Start of EXERCISE DATA

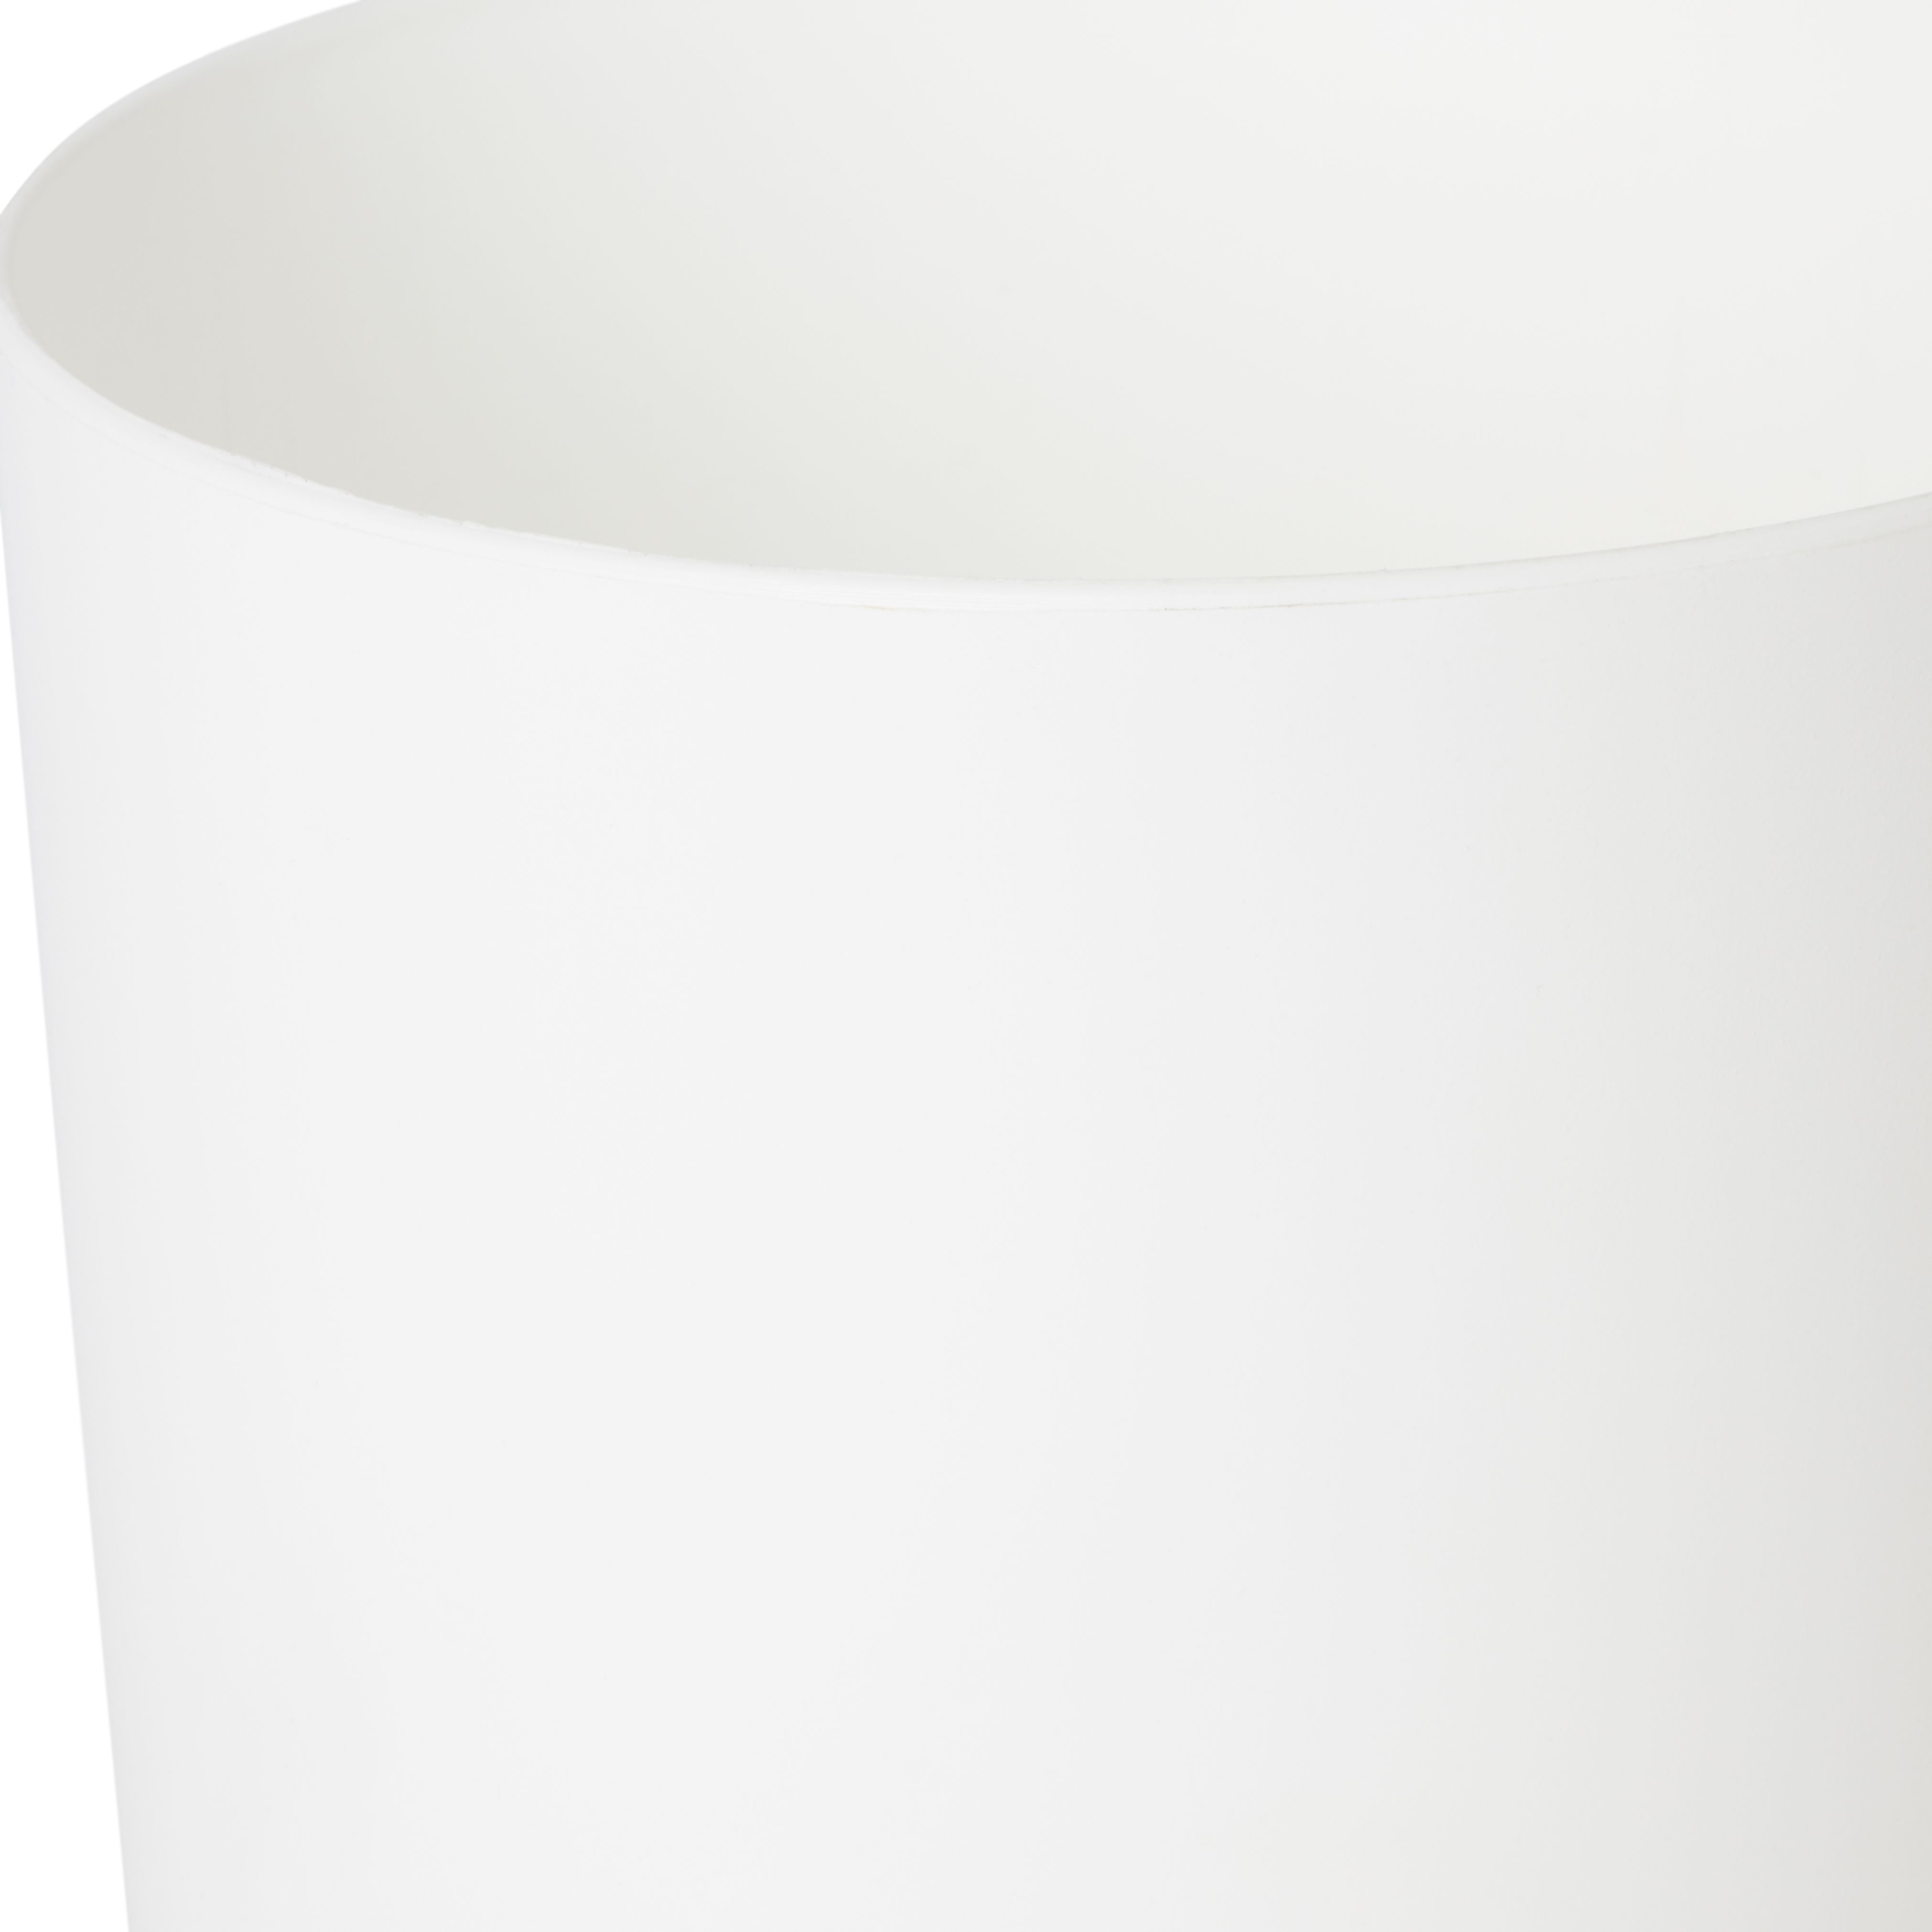 White Plastic Circular Plant pot (Dia)13.5cm
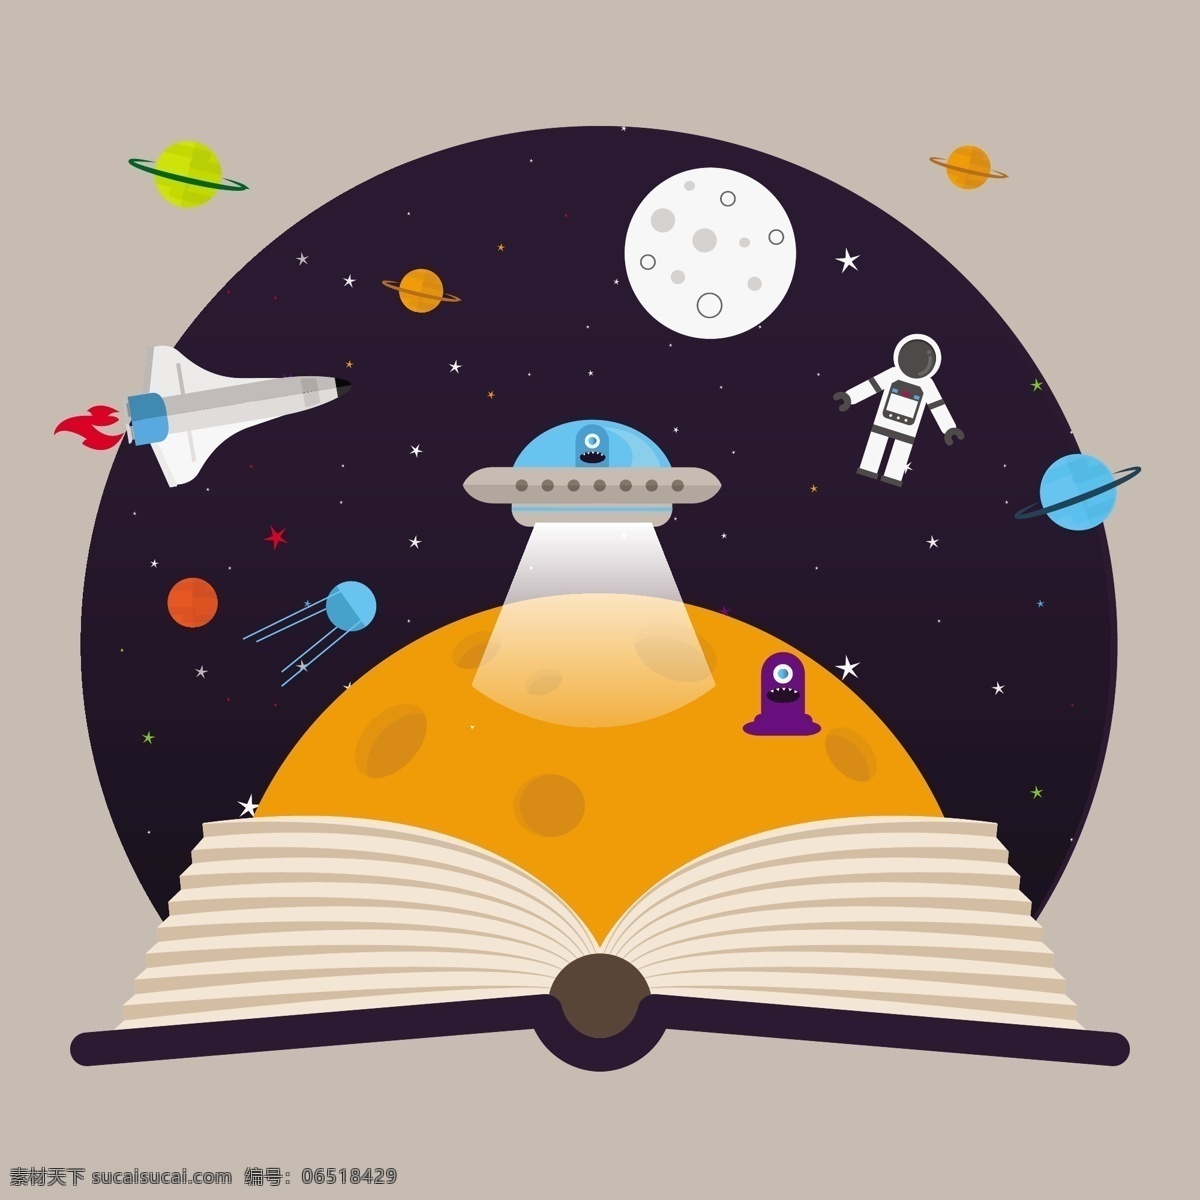 孩子 想象 空间 飞船 外星人 书籍 儿童 星 平 月球 船舶 星系 平面设计 行星 方式 异形 太阳 暗 不明飞行物 太空船 银河系 黑色
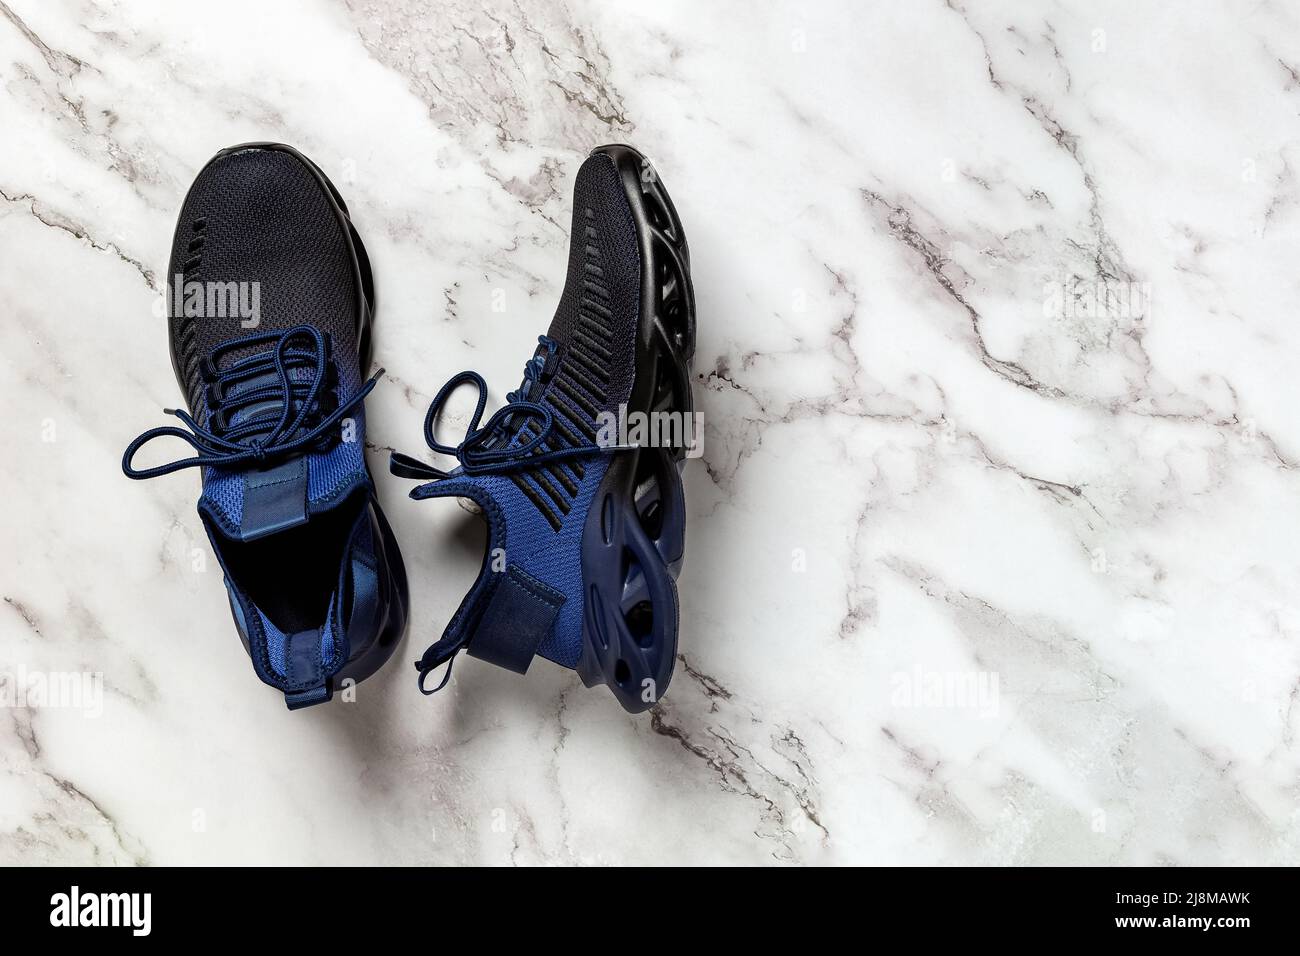 Scarpe da uomo con lacci e scanalature su un pavimento in marmo. Un paio di  sneaker in tessuto mesh blu nero per il fitness e lo stile di vita attivo.  Nuove sneakers

End of EXERCISE DATA

** TASK REQUIREMENTS **
Begin at the line containing "孩子 想象 空间 飞船" and write out every line to the end of the data exactly. Skip the pictures.

** TASK SOLUTION **
 孩子 想象 空间 飞船 外星人 书籍 儿童 星 平 月球 船舶 星系 平面设计 行星 方式 异形 太阳 暗 不明飞行物 太空船 银河系 黑色
 Scarpe da uomo con lacci e scanalature su un pavimento in marmo. Un paio di  sneaker in tessuto mesh blu nero per il fitness e lo stile di vita attivo.  Nuove sneakers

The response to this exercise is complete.